R has various functions for regular expression based match and replaces. The grep,grepl, regexpr and gregexpr functions are used for searching for matches, while sub andgsub for performing replacement.

• grep(value = FALSE) returns an integer vector of the indices of the elements of x that yielded a match (or not, for invert = TRUE).

>str <- c("Regular", "expression", "examples of R language")
>x <- grep("ex",str,value=F)
>x

[1] 2 3

>x <- "line 4322: He is now 25 years old, and weights 130lbs";
>x <- grep("\\d","",x)
>x

[1] 1

• grep(value = TRUE) returns a character vector containing the selected elements of x(after coercion, preserving names but no other attributes).

>x <- grep("ex",str,value=T)
>x

[1] “expression” “examples of R language”
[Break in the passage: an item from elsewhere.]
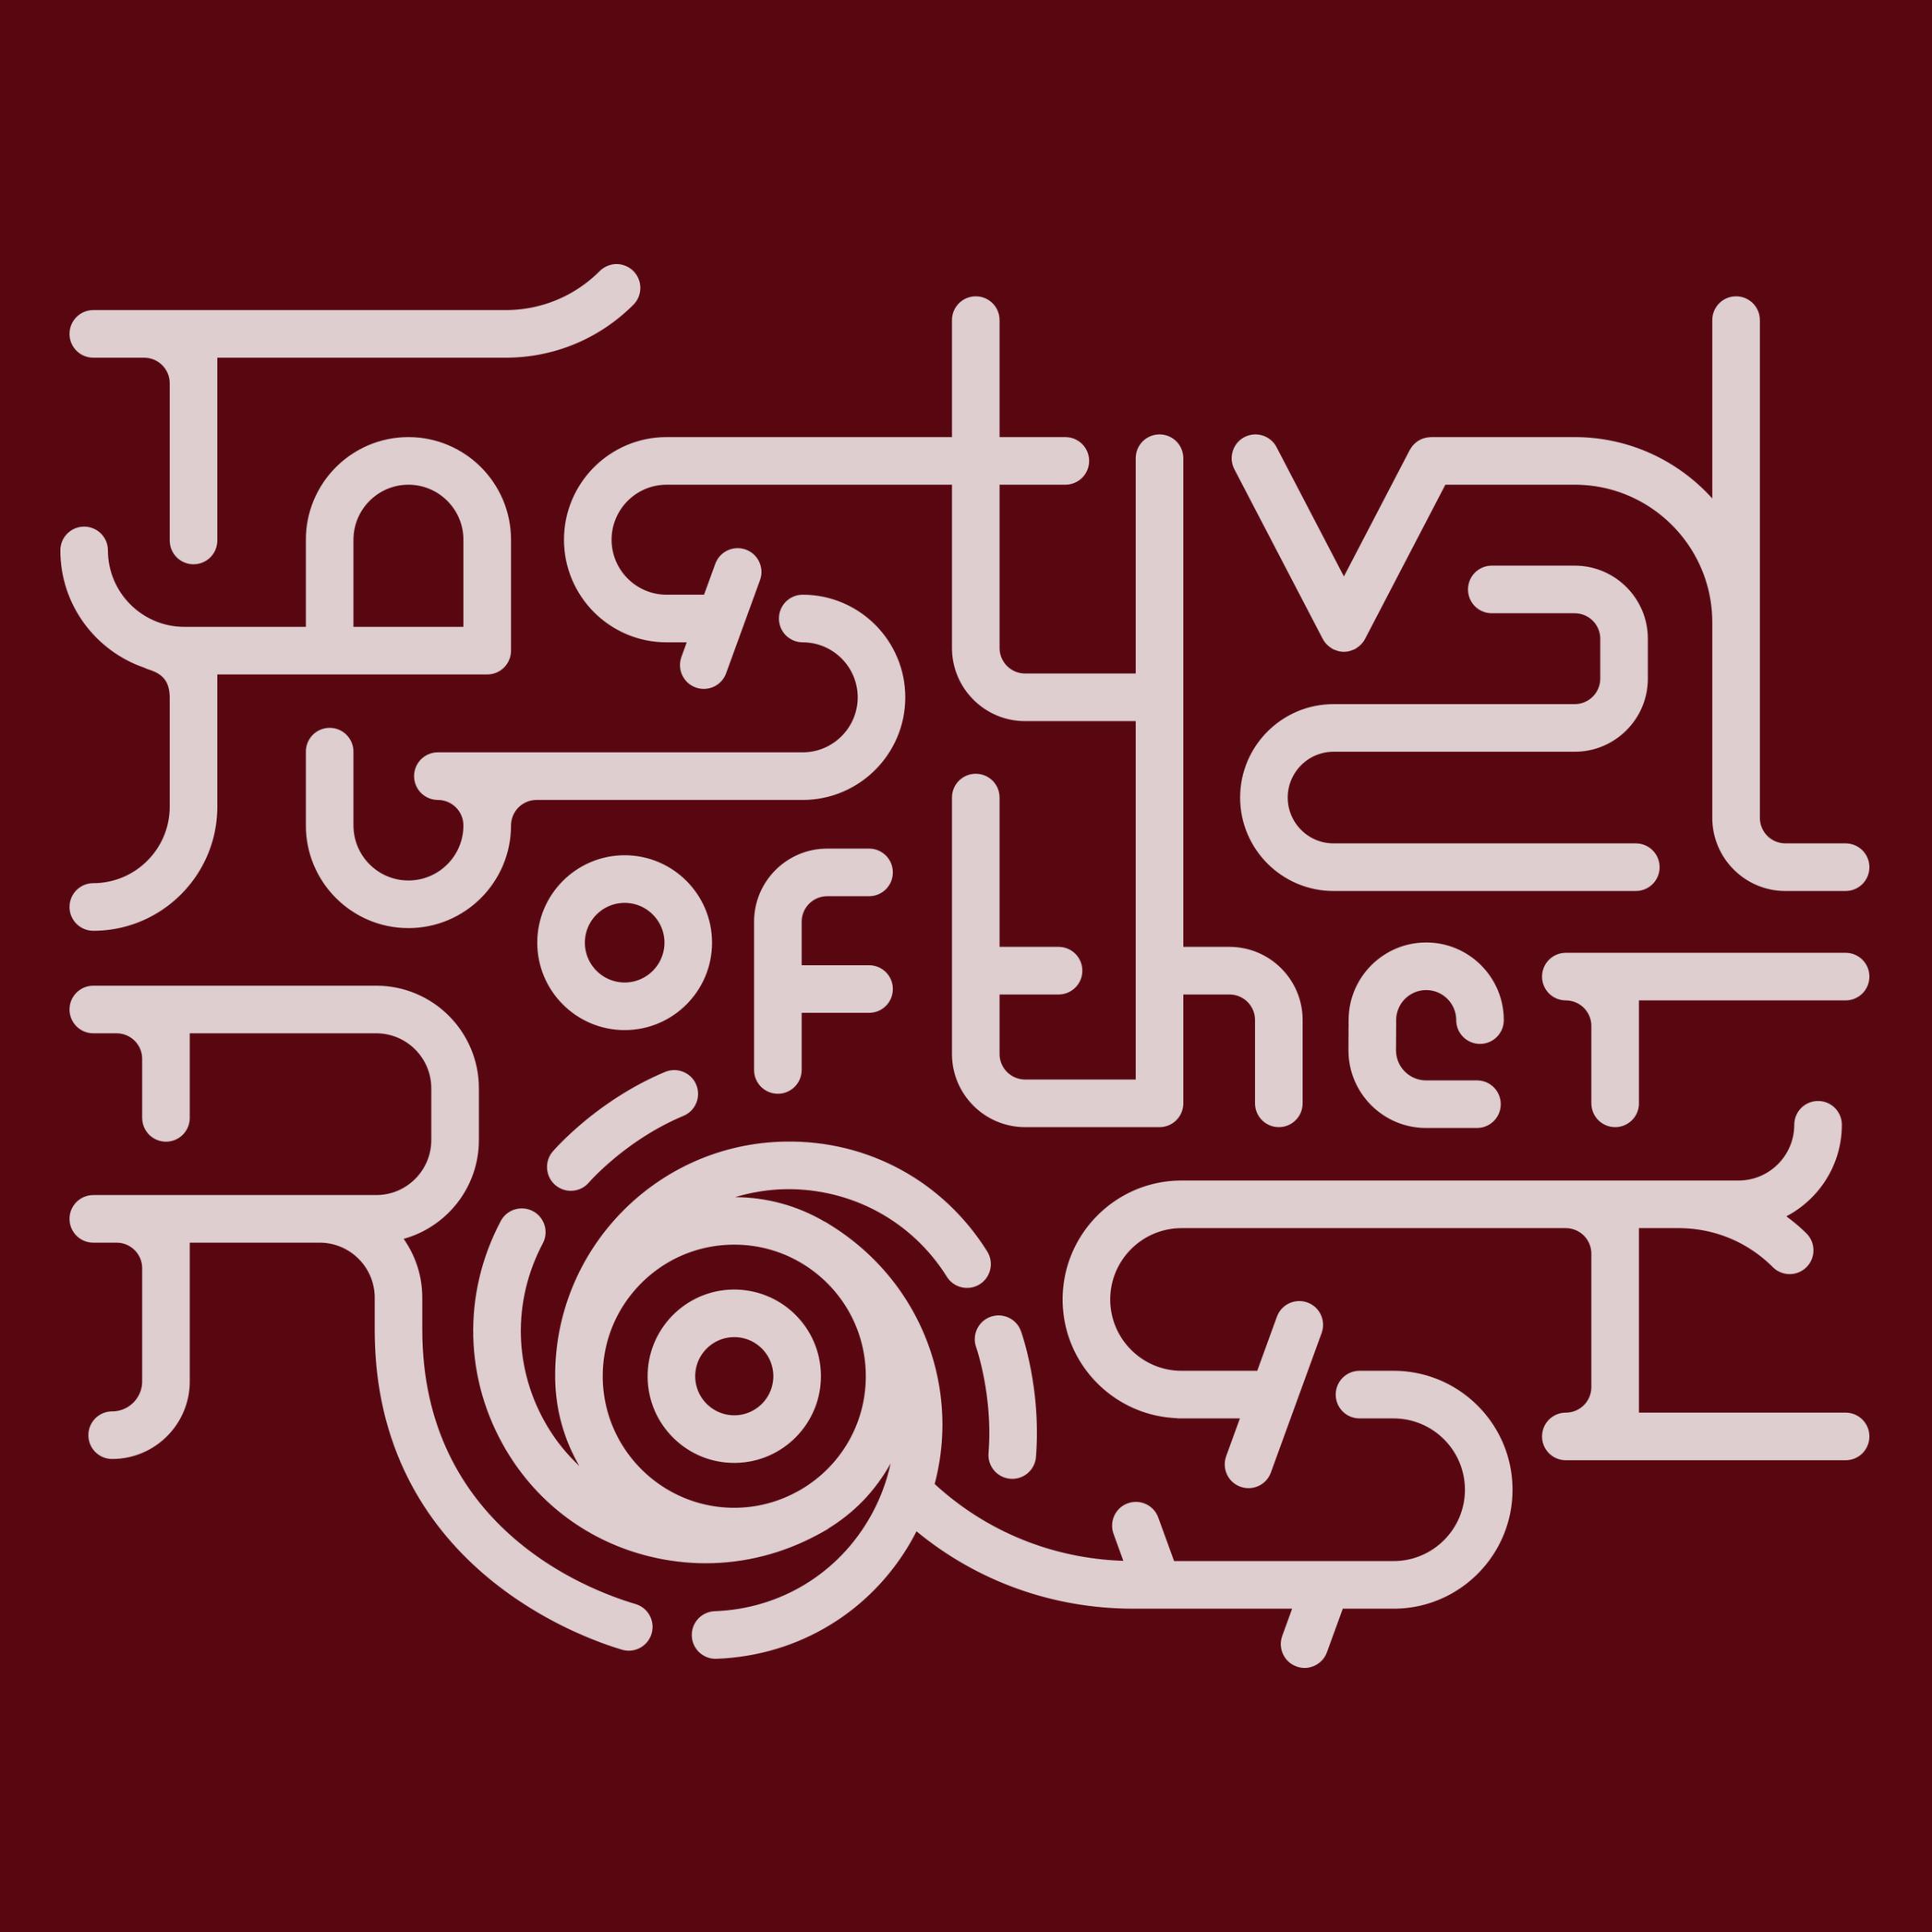 Festival of the Rose

• grepl returns a logical vector (match or not for each element of x).

>x <- grepl("ex",str)
>x
[1] FALSE  TRUE  TRUE

• sub and gsub return a character vector of the same length and with the same attributes asx (after possible coercion to character). Elements of character vectors x which are not substituted will be returned unchanged (including any declared encoding). If useBytes = FALSE a non-ASCII substituted result will often be in UTF-8 with a marked encoding (e.g. if there is a UTF-8 input, and in a multibyte locale unless fixed = TRUE).

>str <- c("Regular", "expression", "examples of R language")
>x <- sub("x.ress","",str)
>x

[1] “Regular” “eion” “examples of R language”

>x <- sub("x.+e","",str)
>x

[1] “Regular” “ession” “e”

>x <- "line 4322: He is now 25 years old, and weights 130lbs";
>x <- gsub("[[:digit:]]","",x)
>x

[1] "line : He is now  years old, and weights lbs"

>x <- "line 4322: He is now 25 years old, and weights 130lbs";
>x <- gsub("\\d+","",x)
>x

[1] "line : He is now  years old, and weights lbs"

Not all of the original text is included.